───── DATA TO PROCESS

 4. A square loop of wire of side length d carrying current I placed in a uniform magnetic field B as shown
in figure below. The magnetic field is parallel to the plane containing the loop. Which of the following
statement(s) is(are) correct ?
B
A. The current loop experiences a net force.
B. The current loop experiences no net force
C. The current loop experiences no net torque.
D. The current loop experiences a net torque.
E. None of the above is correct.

──────────
───── DATA TO PROCESS

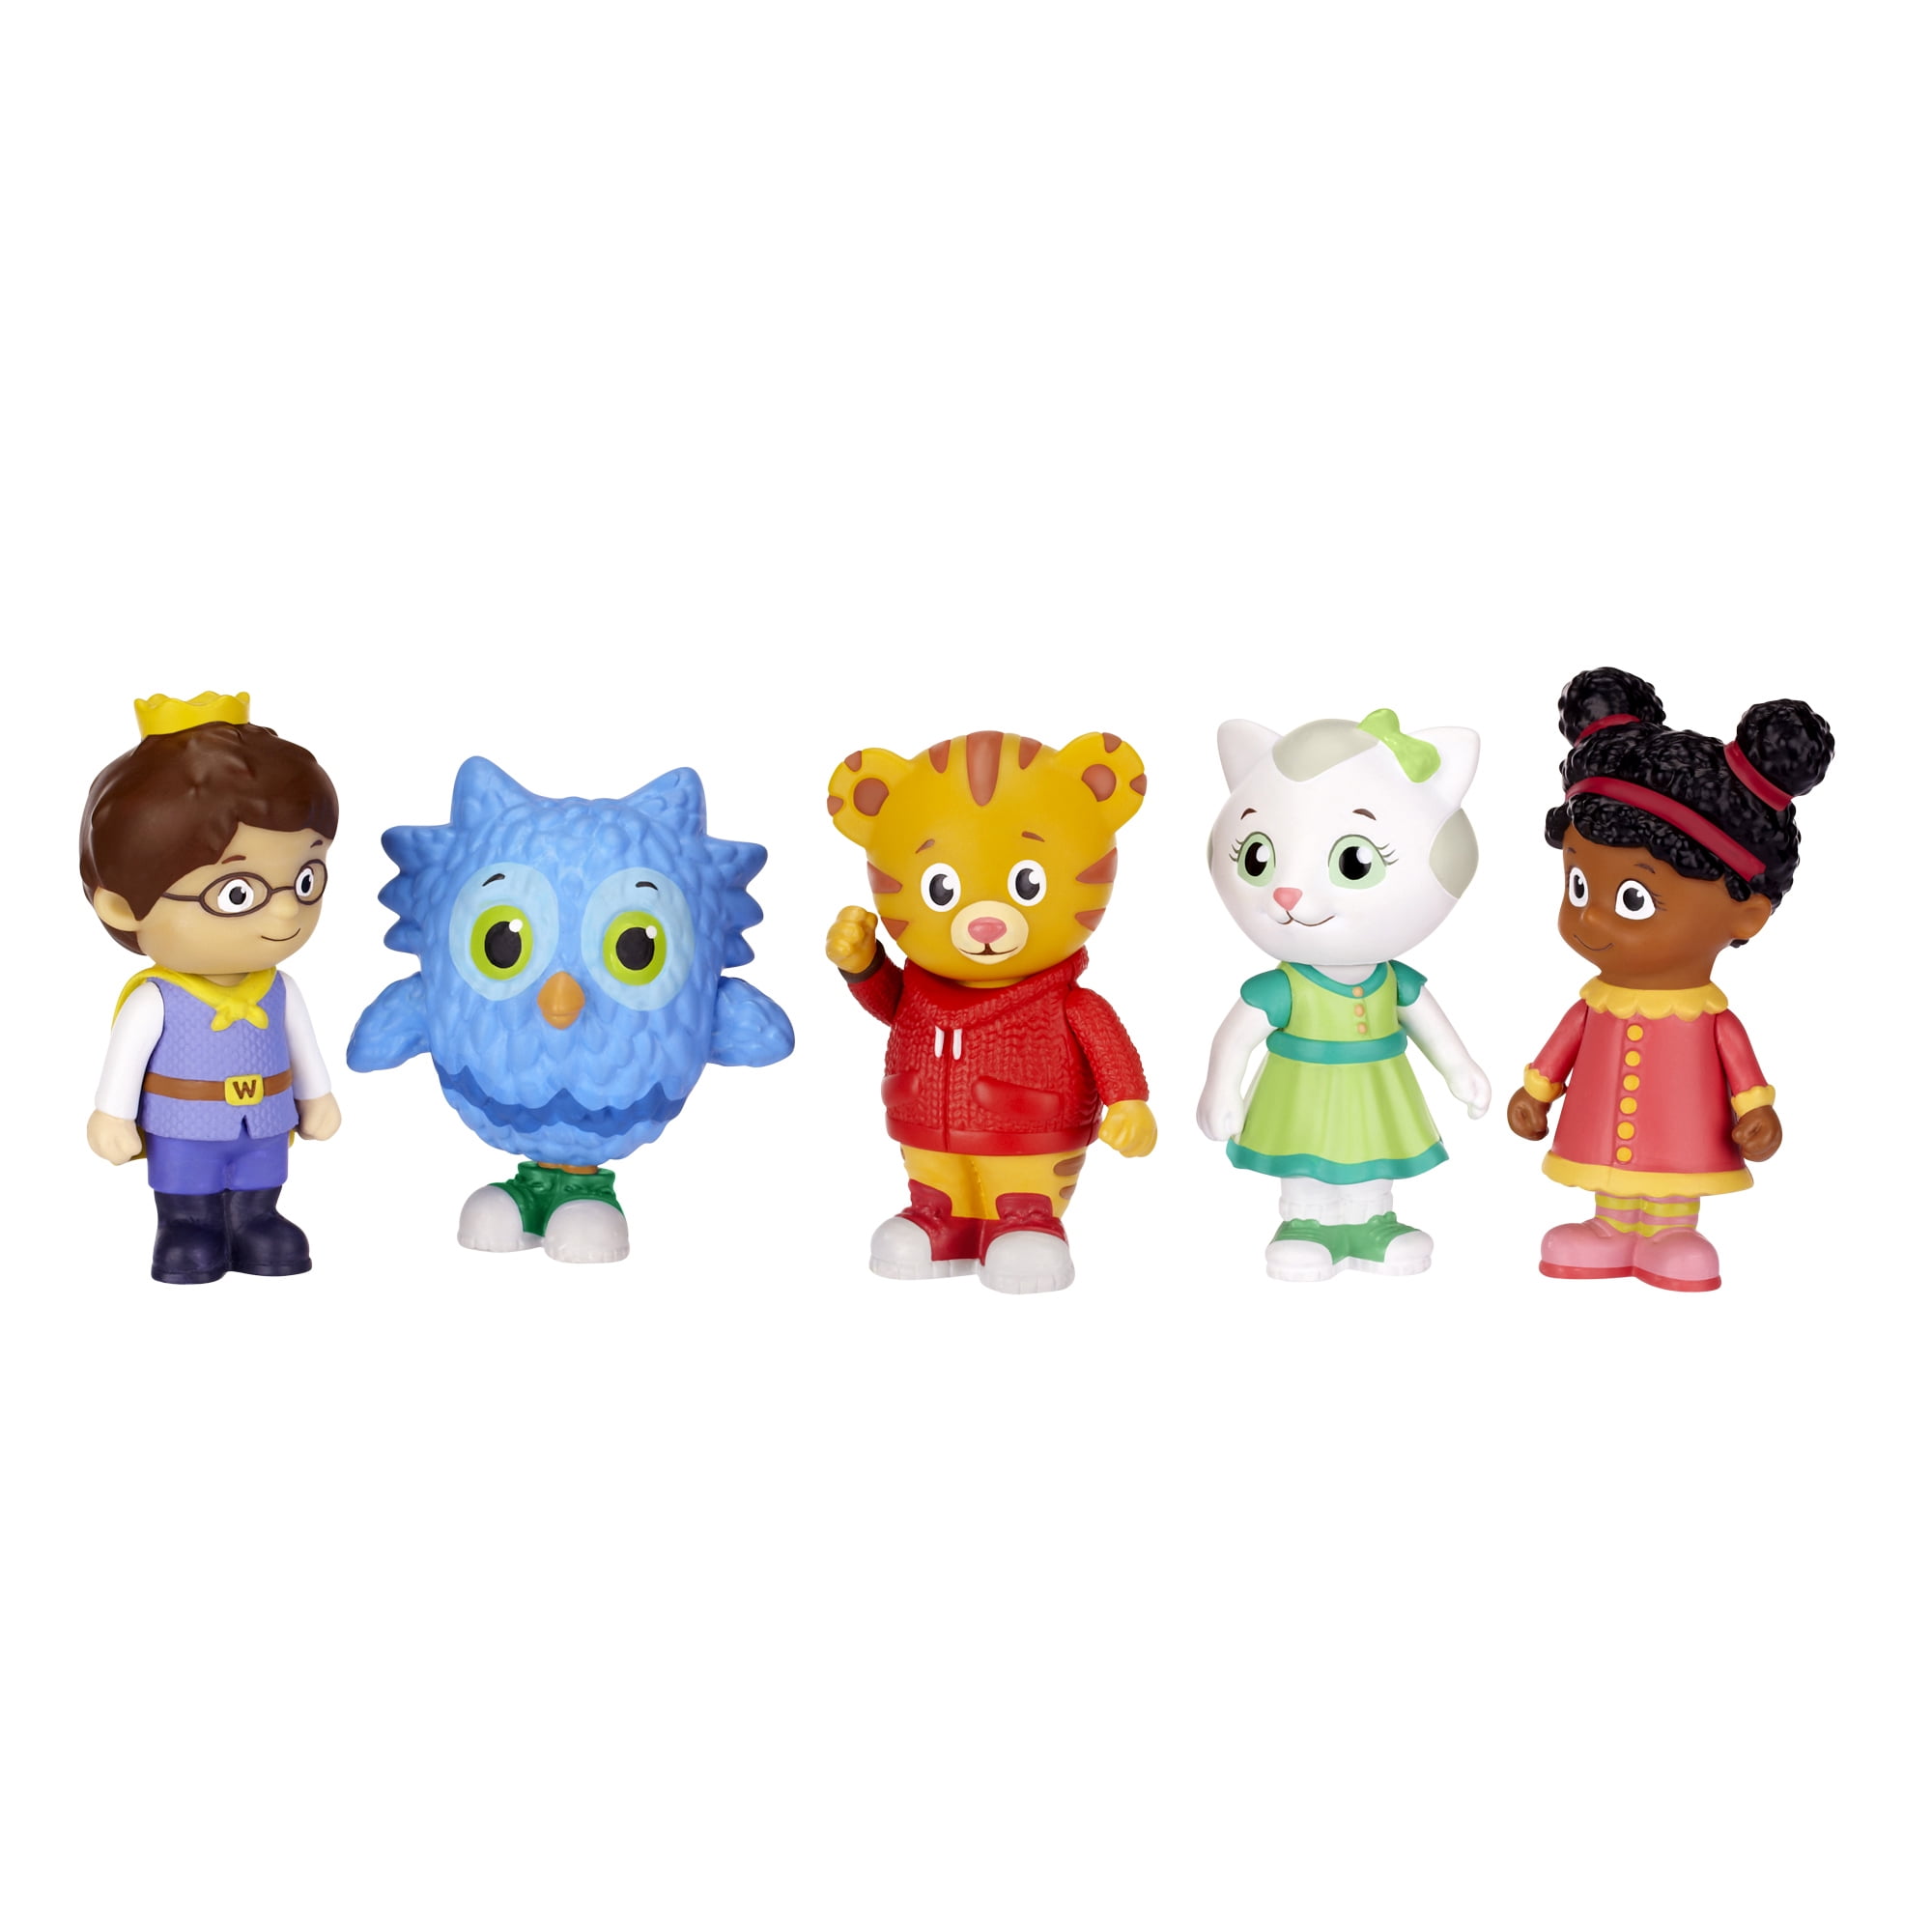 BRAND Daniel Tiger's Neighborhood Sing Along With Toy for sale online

──────────
───── DATA TO PROCESS

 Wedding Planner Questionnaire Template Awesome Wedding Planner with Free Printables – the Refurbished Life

──────────

TASK DESCRIPTION
Among the records above, extract exactly the lines from the line with "4. A square" to the line with "E. None of the above is correct.", both lines included, and leave out the rest.

SOLUTION FOR THIS PROBLEM
 4. A square loop of wire of side length d carrying current I placed in a uniform magnetic field B as shown
in figure below. The magnetic field is parallel to the plane containing the loop. Which of the following
statement(s) is(are) correct ?
B
A. The current loop experiences a net force.
B. The current loop experiences no net force
C. The current loop experiences no net torque.
D. The current loop experiences a net torque.
E. None of the above is correct.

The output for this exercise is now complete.